Since you are already given an stationary distribution, you should only check it. For the definition of the stationary distribution you should have $$ \pi(A) = \int\limits_{\mathbb R}P(y,A)\pi(dy) $$ for any measurable set $A$. So you know that $$ P(y,A) = \int\limits_{A}\frac1{\sigma\sqrt{2\pi}}\mathrm e^{-\frac{(z-y/2)^2}{2\sigma^2}}\,dz. $$ Where $\sigma^2 = 3/4$.
So you should show that $$ \int\limits_{A}\frac1{\sqrt{2\pi}}\mathrm e^{-\frac{y^2}{2}}\,dy = \int\limits_{\mathbb R}\frac1{\sqrt{2\pi}}\mathrm e^{-\frac{y^2}{2}}\,dy\int\limits_{A}\frac1{\sigma\sqrt{2\pi}}\mathrm e^{-\frac{(z-y/2)^2}{2\sigma^2}}\,dz $$
Let as work a bit with the right-hand side: $$ \frac1{2\sigma\pi}\int\limits_{\mathbb R}\mathrm \,dy\int\limits_{A}\mathrm e^{-\frac{(z-y/2)^2}{2\sigma^2}+y^2/2}\,dz = \frac1{2\sigma\pi}\int\limits_{\mathbb R}\mathrm \,dy\int\limits_{A}\exp\left\{-\frac{(z-y/2)^2+\sigma^2y^2}{2\sigma^2}\right\}\,dz $$ $$ = \frac1{2\sigma\pi}\int\limits_{\mathbb R}\mathrm \,dy\int\limits_{A}\exp\left\{-\frac{z^2-zy+y^2}{2\sigma^2}\right\}\,dz= \frac1{2\sigma\pi}\int\limits_{\mathbb R}\mathrm \,dy\int\limits_{A}\exp\left\{-\frac{(y-z/2)^2+\sigma^2z^2}{2\sigma^2}\right\}\,dz $$ and here we change the integrals (do you know why is it allowed?) $$ = \frac{1}{\sqrt{2\pi}} \int\limits_{A}\mathrm e^{-z^2/2}\,dz\int\limits_{\mathbb R}\frac{1}{\sigma\sqrt{2\pi}}\mathrm e^{-\frac{(y-z/2)^2}{2\sigma^2}}\,dy = \frac{1}{\sqrt{2\pi}} \int\limits_{A}\mathrm e^{-z^2/2}\,dz = \pi(A) $$ since the internal integral is always $1$ due to the fact it's an integration ofPDF on the whole state space.
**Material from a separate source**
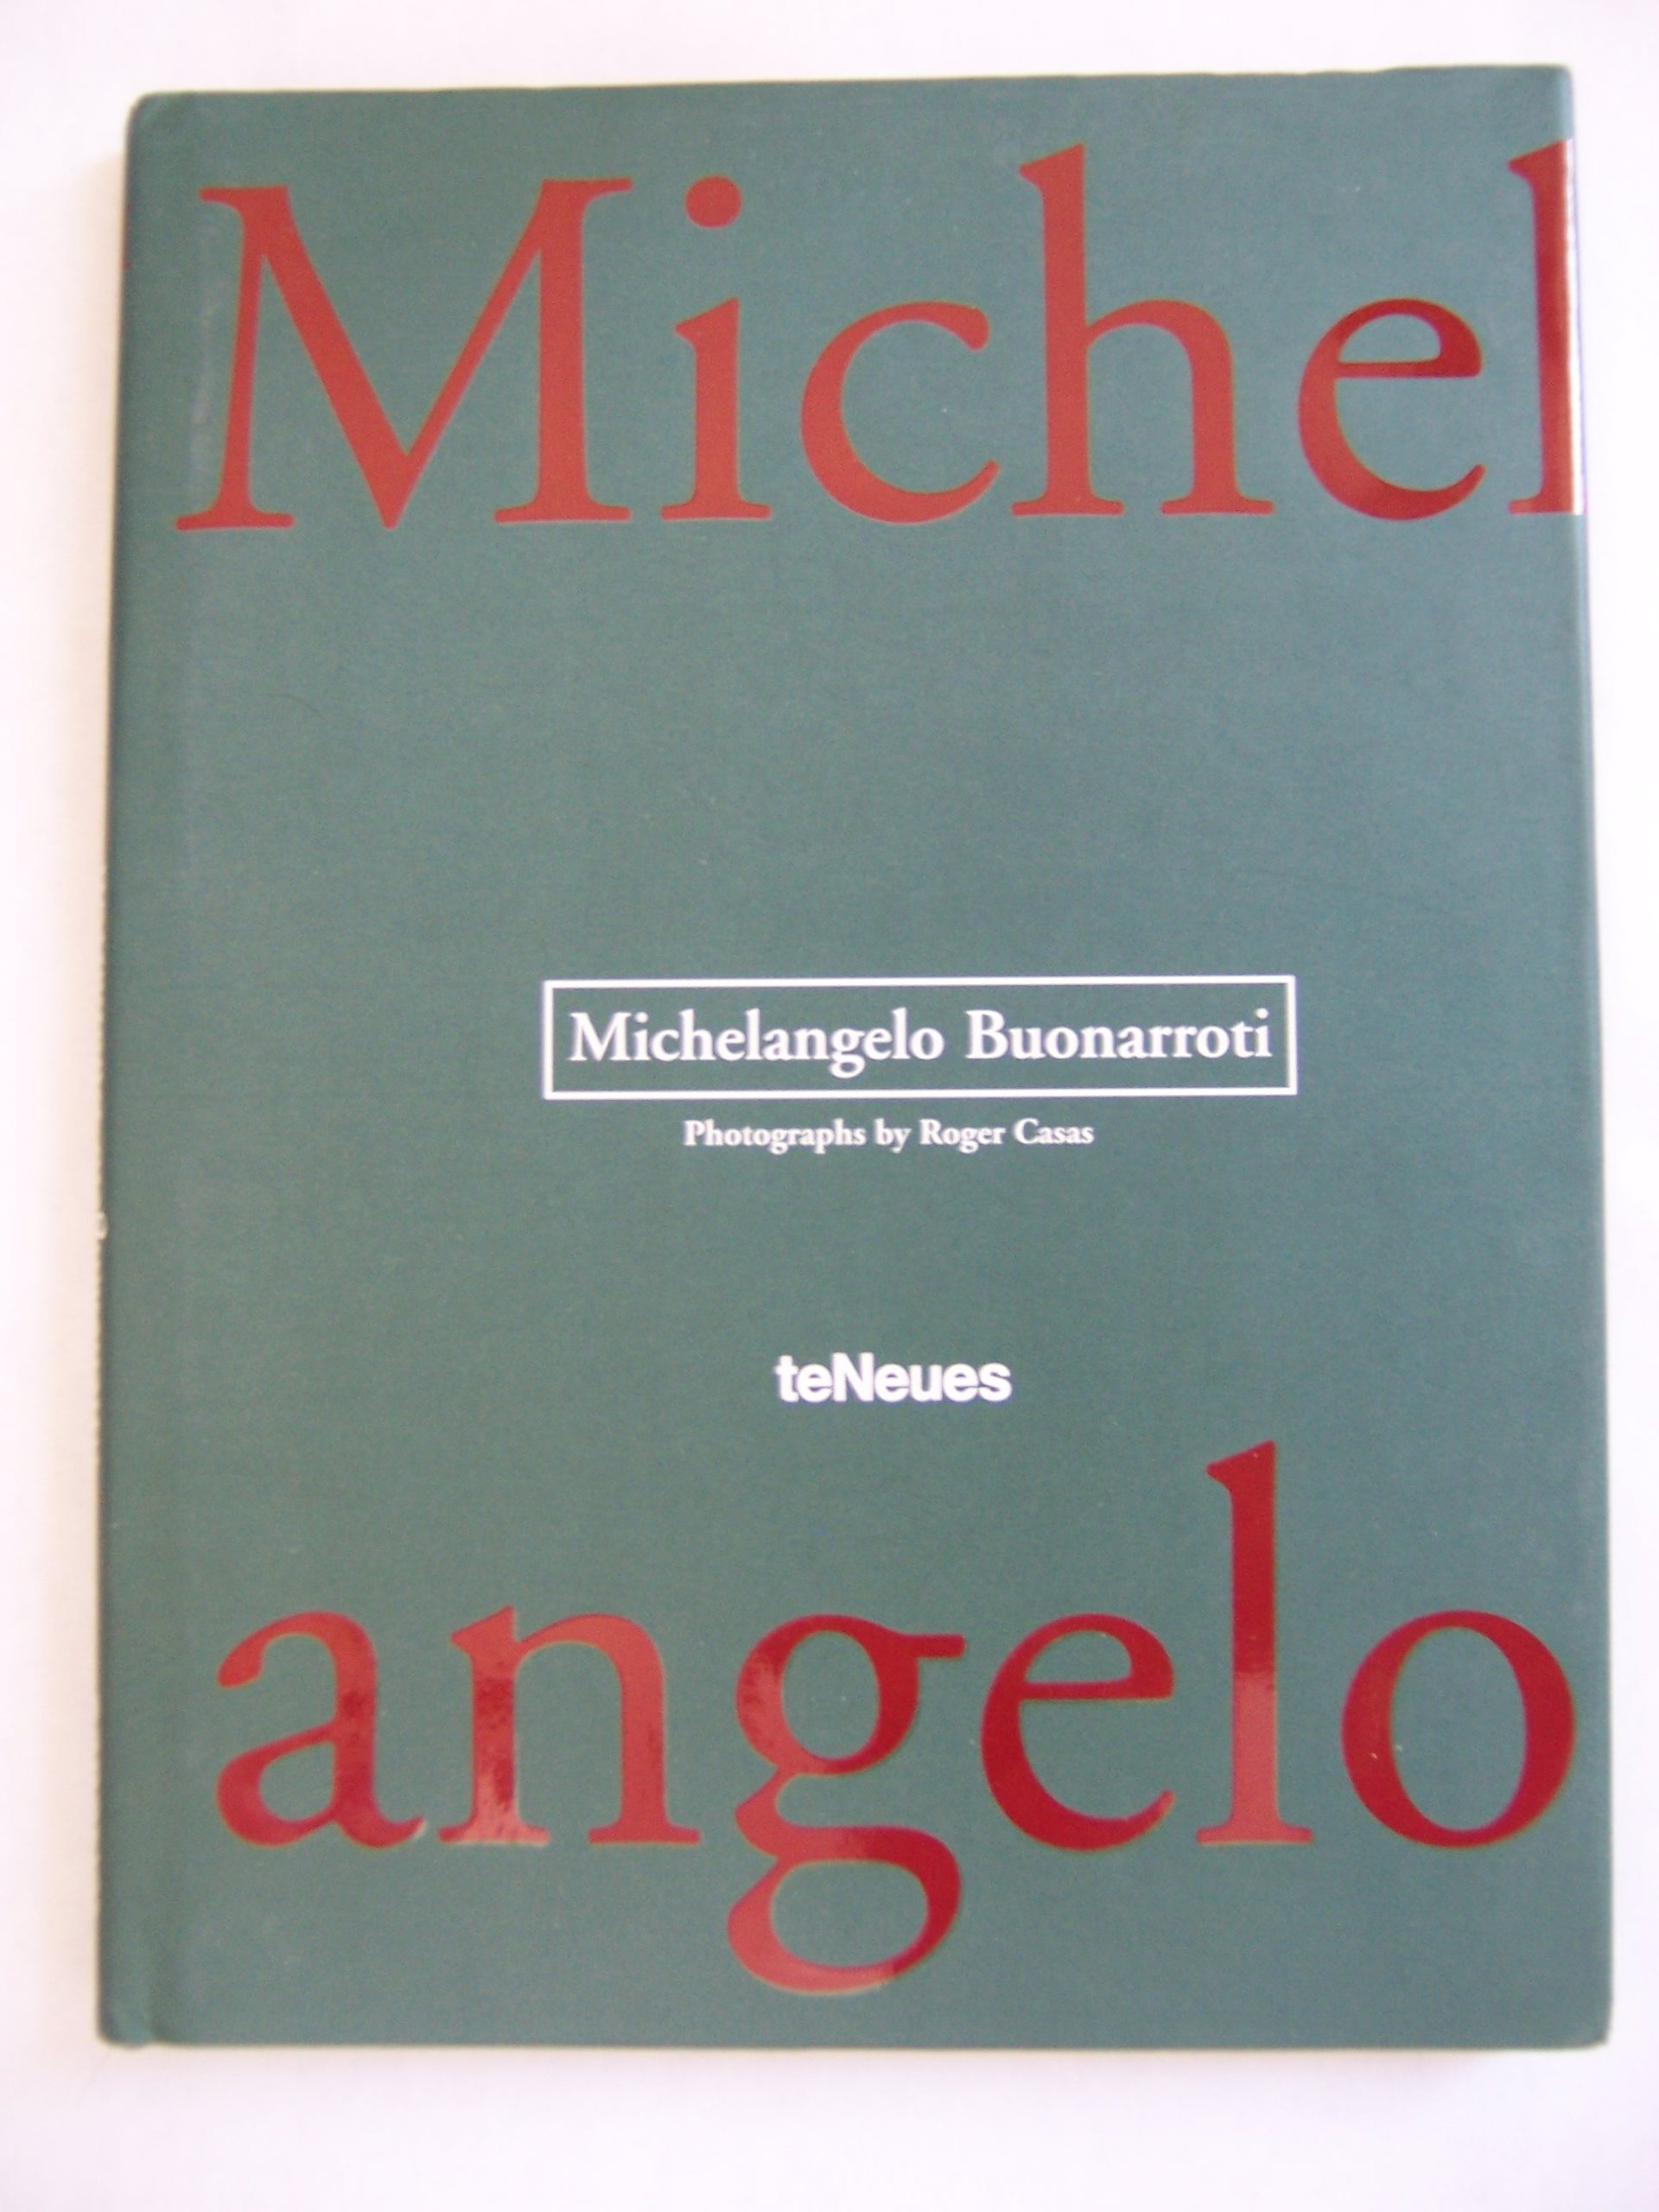 michelangelo buonarroti 7 x 9 80 page book

About the irreducibility: we should show that if $\lambda(A)>0$ then the return probability $L(x,A)>0$ for all $x\in \mathbb R$. The simple estimation $L(x,A)\geq P(x,A)>0$ for all $A:\lambda(A)>0$ will lead you to the desired answer.